The result should be an exact copy of only the lines from the one holding "Orchesterbus" through the last line of the data below, please, without pictures.
════
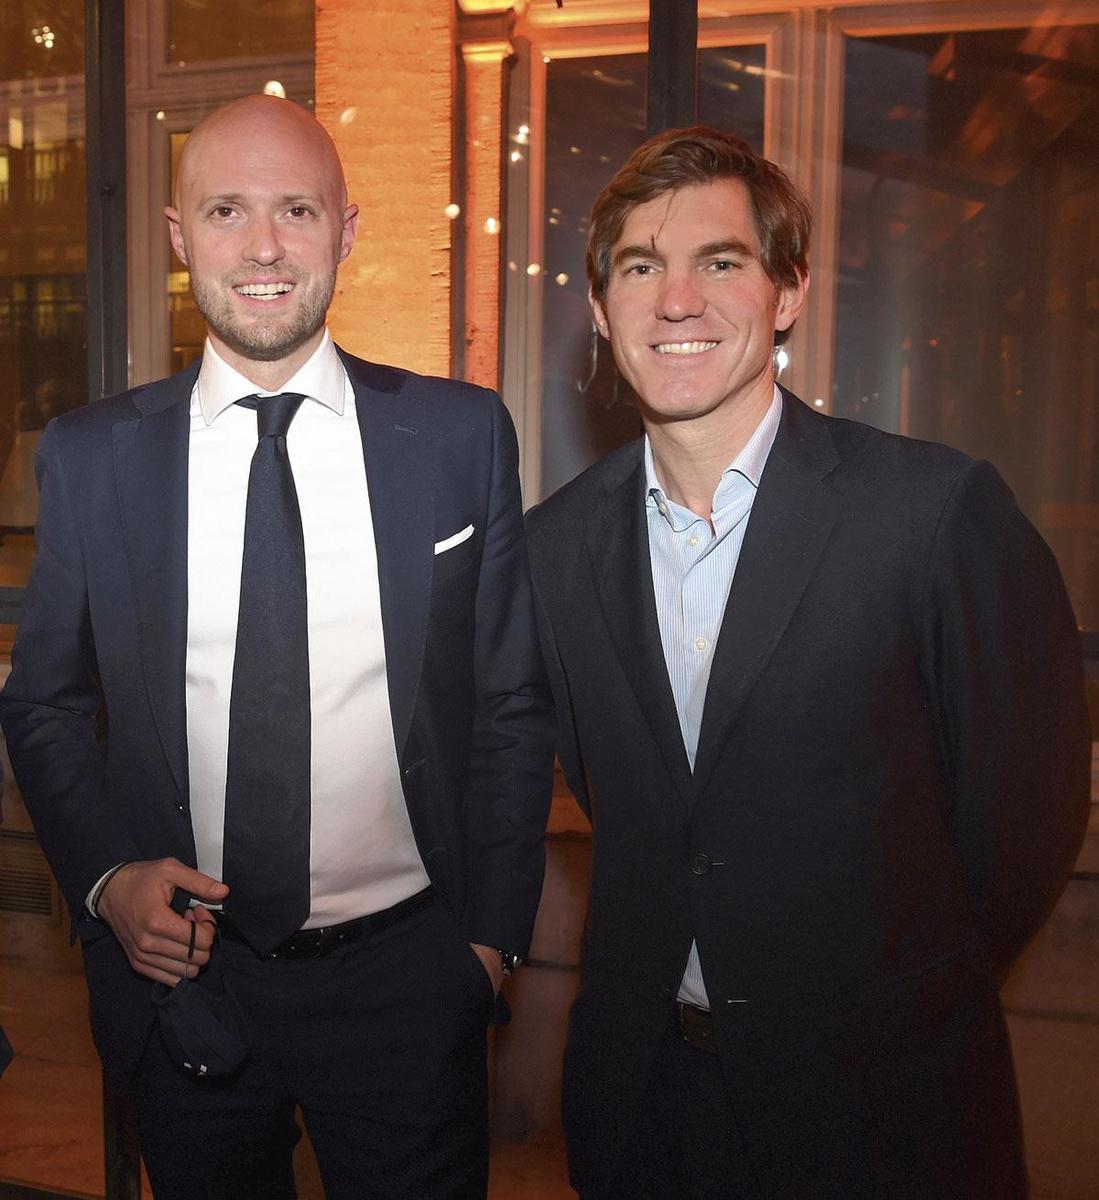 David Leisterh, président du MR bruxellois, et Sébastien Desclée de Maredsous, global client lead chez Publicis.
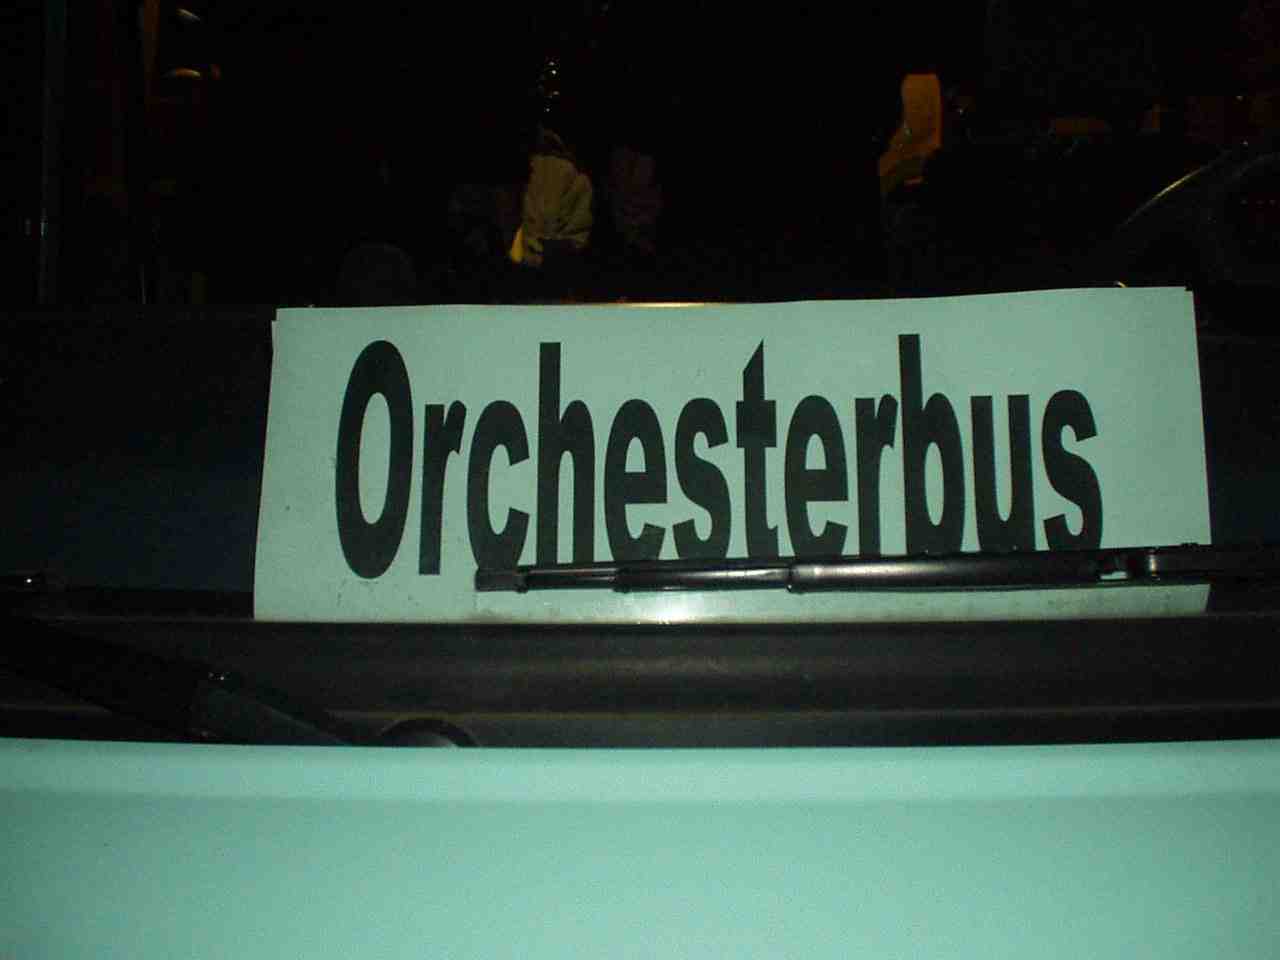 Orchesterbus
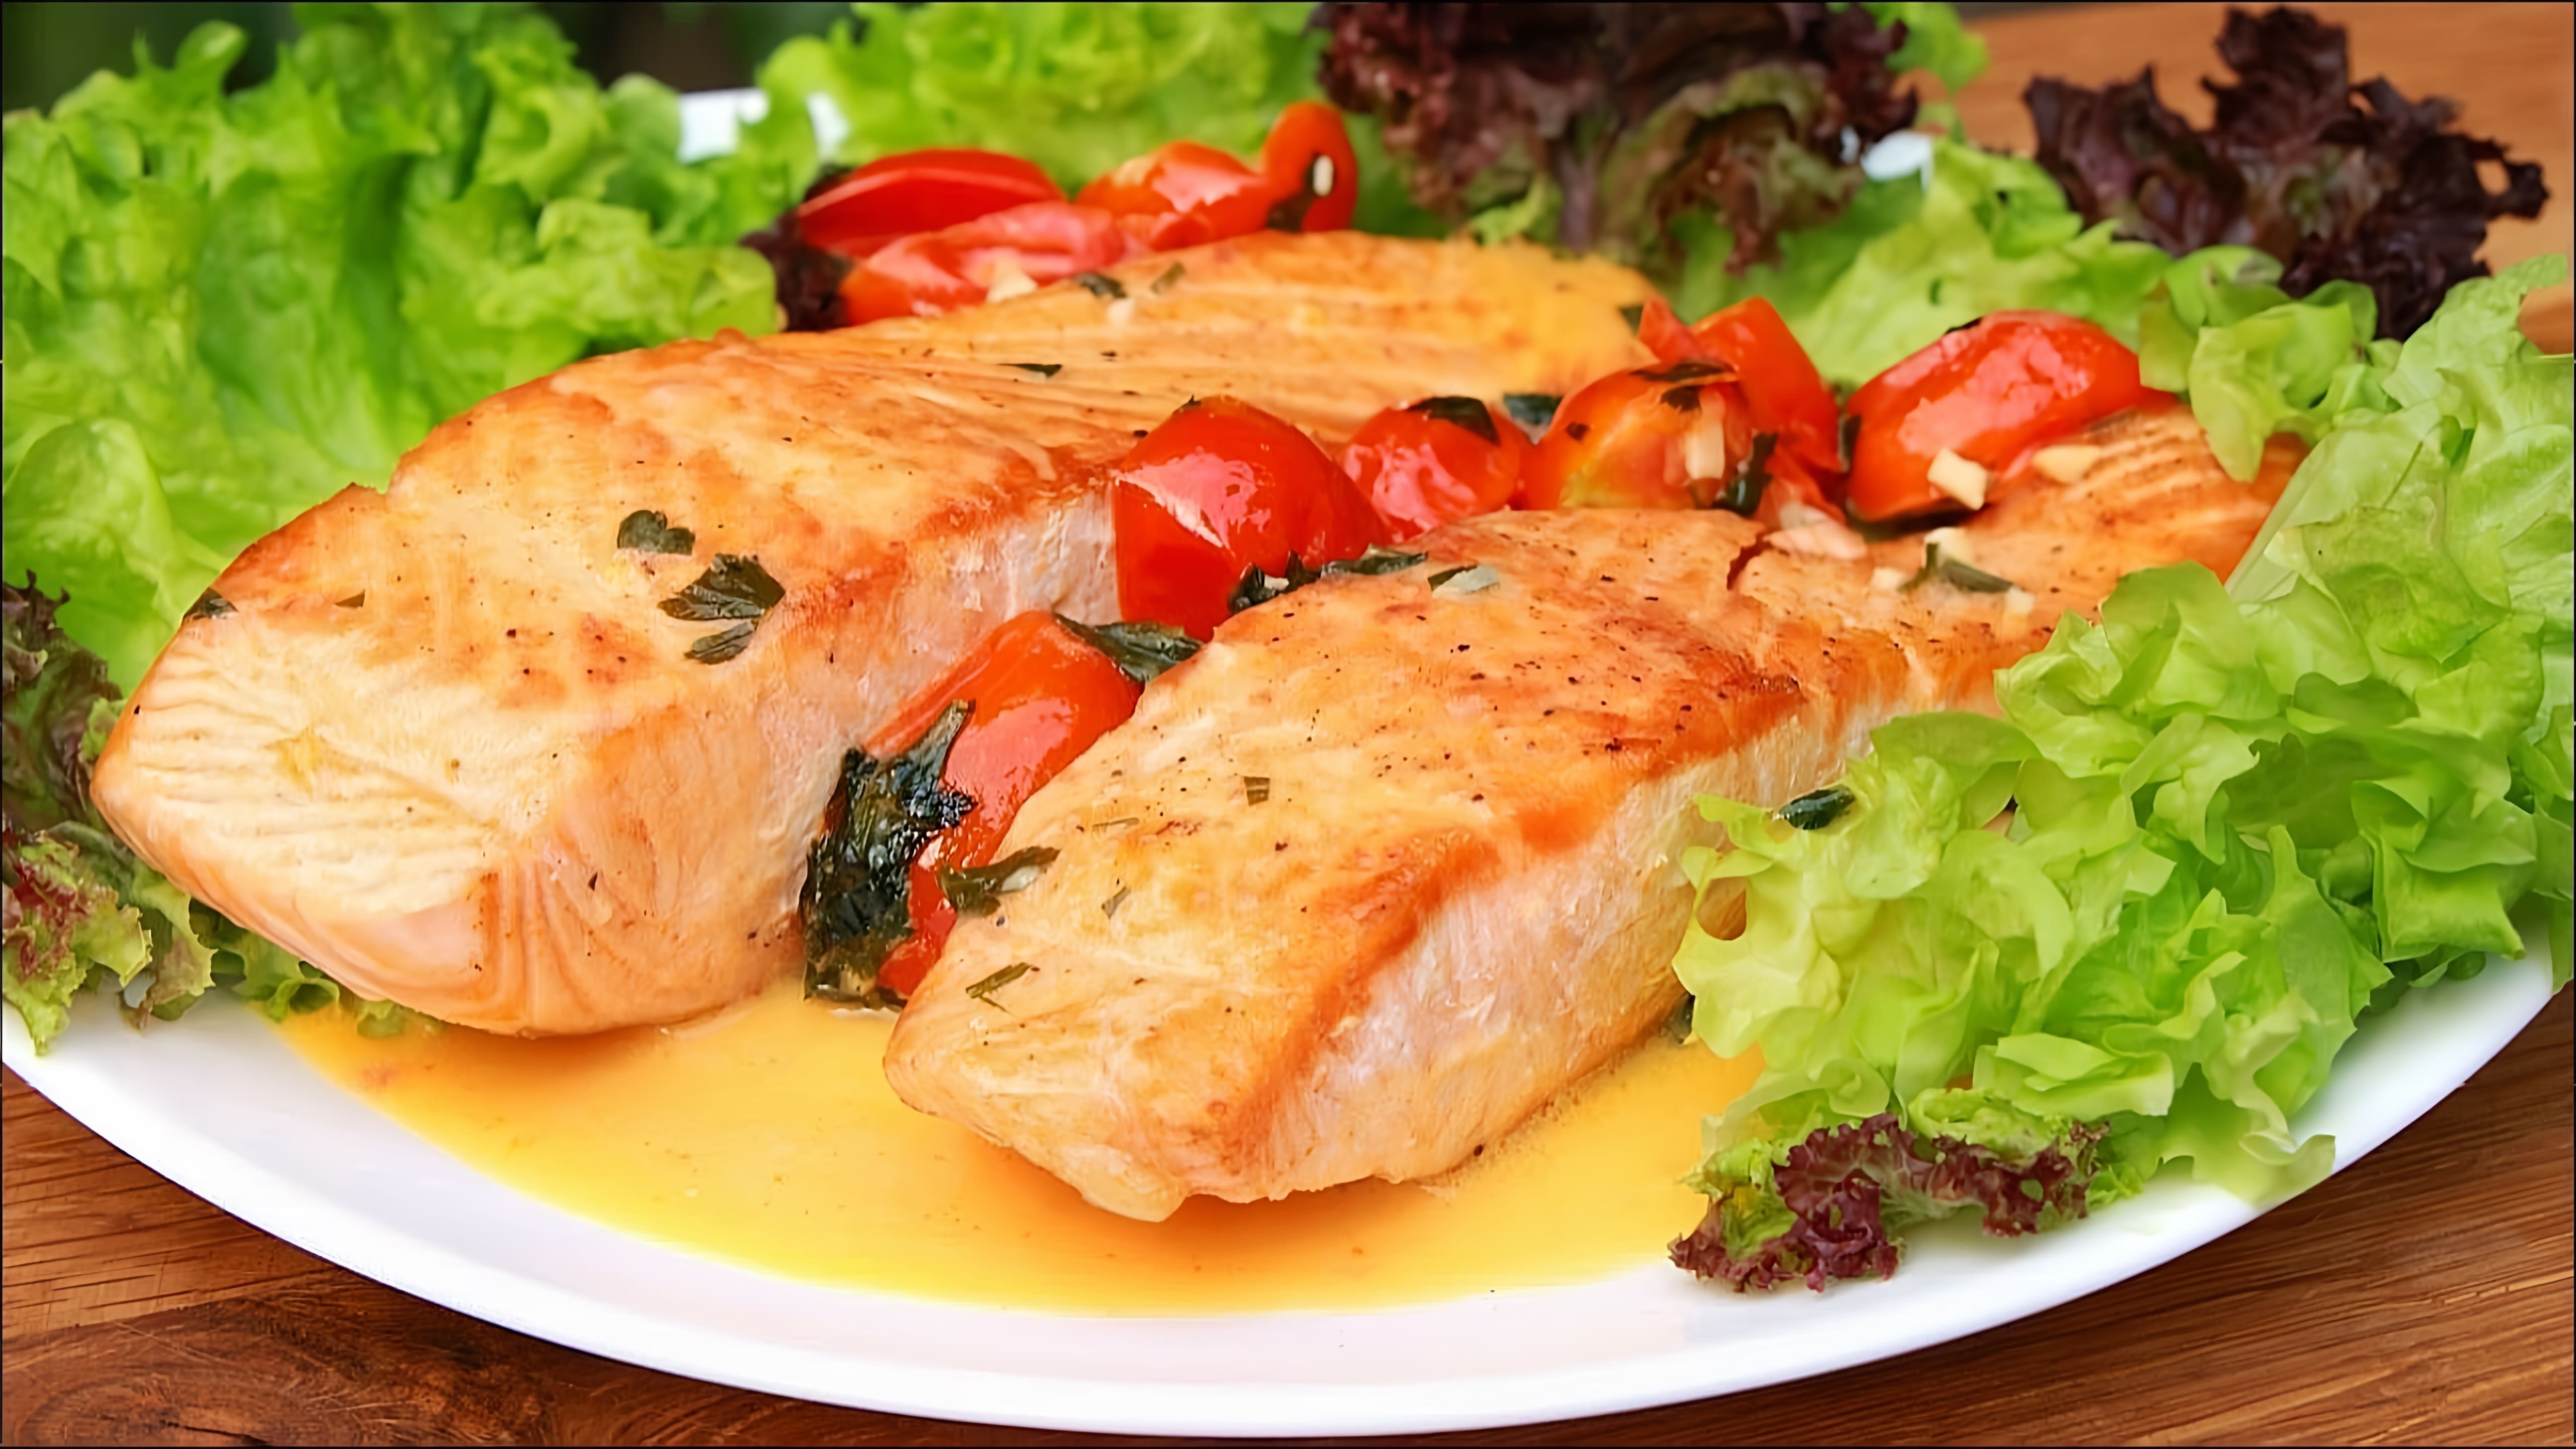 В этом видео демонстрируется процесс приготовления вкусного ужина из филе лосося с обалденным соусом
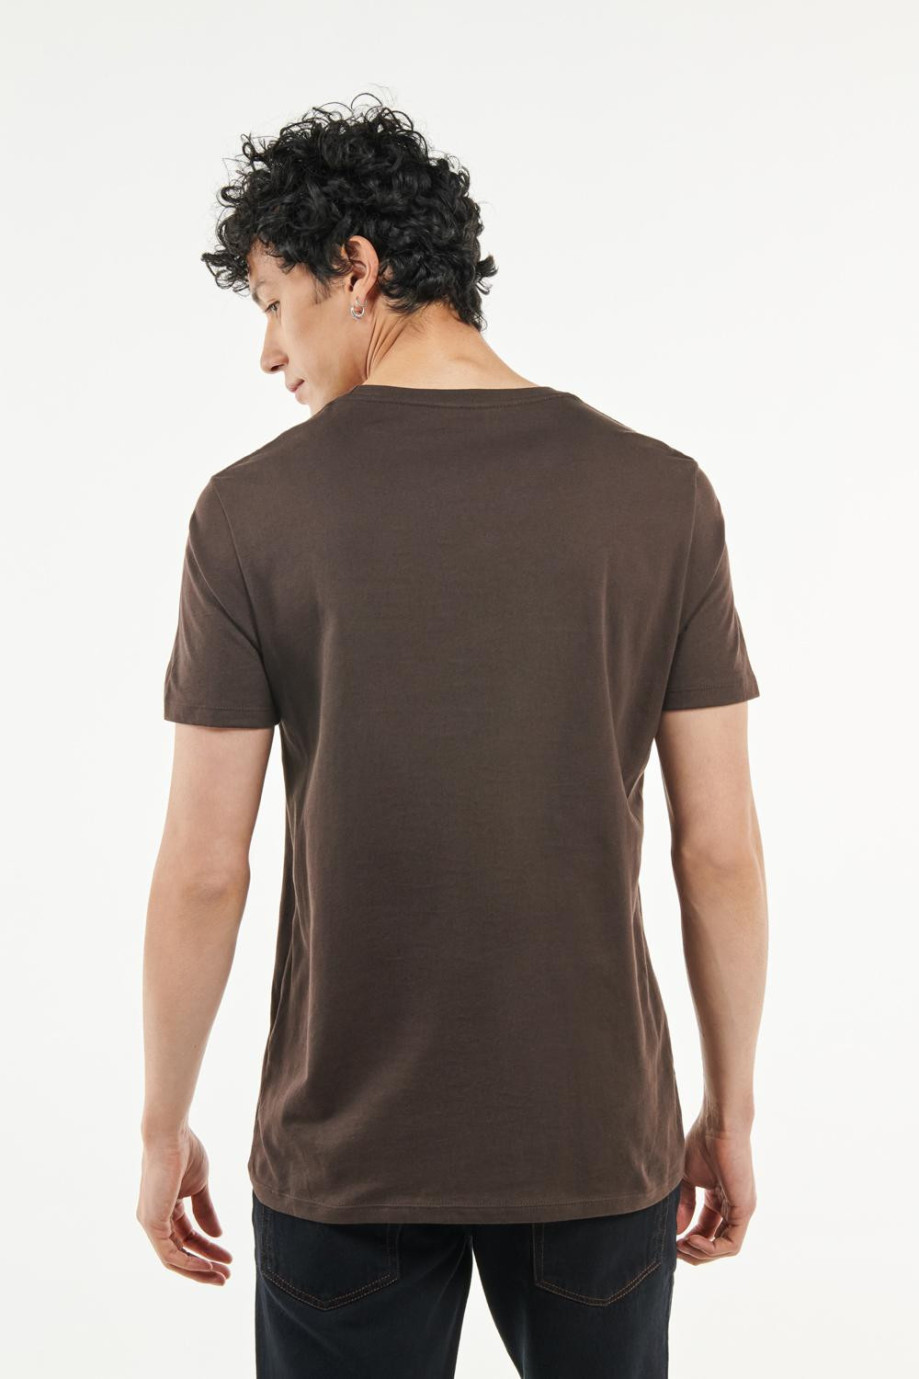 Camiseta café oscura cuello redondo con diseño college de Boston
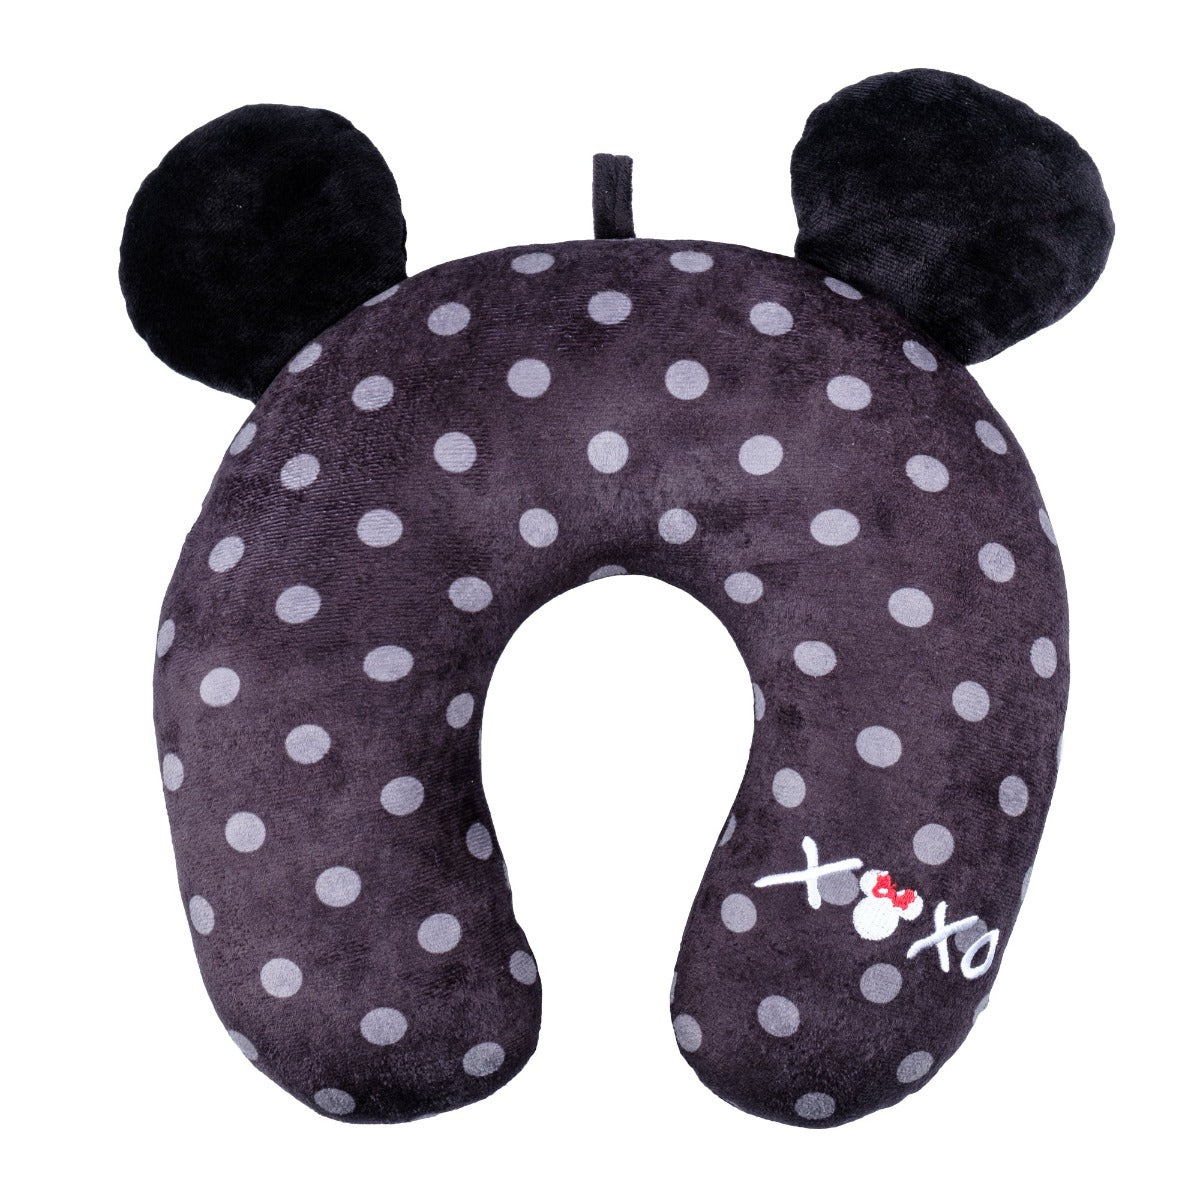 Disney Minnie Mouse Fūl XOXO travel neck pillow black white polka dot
════
● Solved exercise:
 Orchesterbus
 В этом видео демонстрируется процесс приготовления вкусного ужина из филе лосося с обалденным соусом
 Camiseta café oscura cuello redondo con diseño college de Boston
 Disney Minnie Mouse Fūl XOXO travel neck pillow black white polka dot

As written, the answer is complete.